Albuquerque Academy prides itself on its 7:1 student/teacher ratio.

Thirteen members of the Class of 2022 were recognized as National Merit Semifinalists, and the class earned an average ACT score of 30.1, nearly ten points above the national average. Individual honors for the senior class included a U.S. Presidential Scholarship recipient.

Tuition
The board of trustees sets tuition for each school year. While the current cost per student stands at approximately $35,000 per year, the endowment allows for a tuition cost of $26,176 including lunch fees. Book expenses range average $250-$500 per year depending on grade level. Financial aid is awarded based on a family's demonstrated need and the student's strengths relative to the applicant's class. In spring of 2018 a group of parents petitioned the school for an audit of the school’s finances, citing the school allegedly squandering 42 million dollars between 2011 and 2016, nearly a third of the school's endowment. The parents cited a concern for students who attend the school by virtue of need-based financial aid.

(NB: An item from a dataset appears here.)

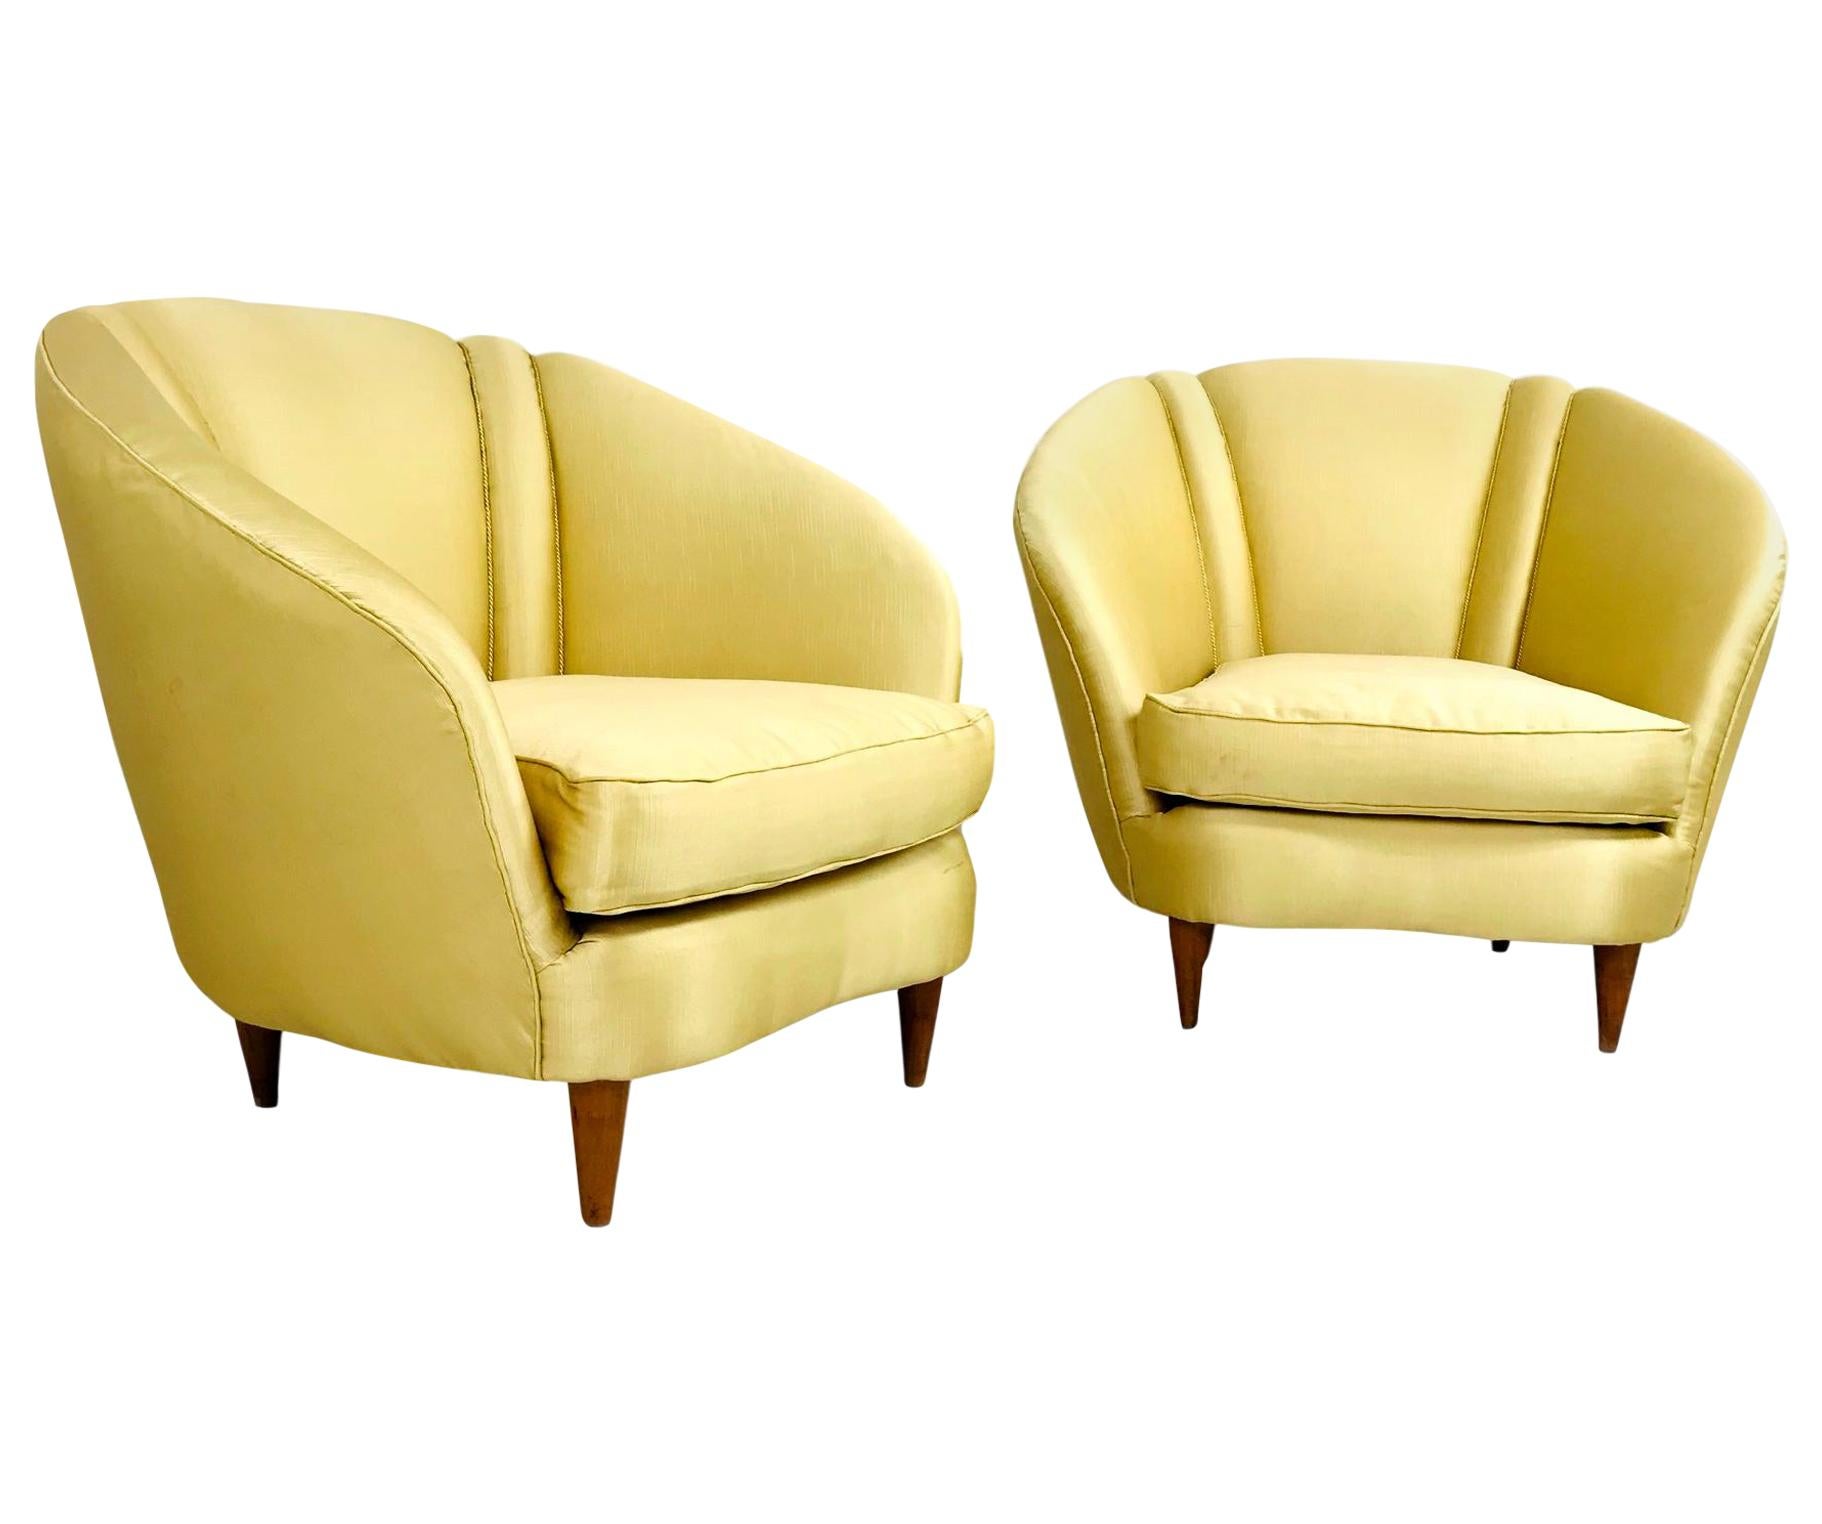 Pair of Midcentury Italian Lounge Chairs with Lotus Forms

Extracurricular activities
Extracurricular activities at the school include state championship sports teams, The Advocate (a student newsmagazine that has received numerous awards from the Albuquerque Tribune and the New Mexico Press Women), Science Olympiad, Science Bowl, and theater.

The four longest sports state championship streaks by Academy sports teams are the six-peat boys basketball team (1989–1994), the 17-time defending state champion boys tennis team (2003–present), the six-time state champion boys swim team (2006-2011), and the six-time state champion boys track team (2002–2007).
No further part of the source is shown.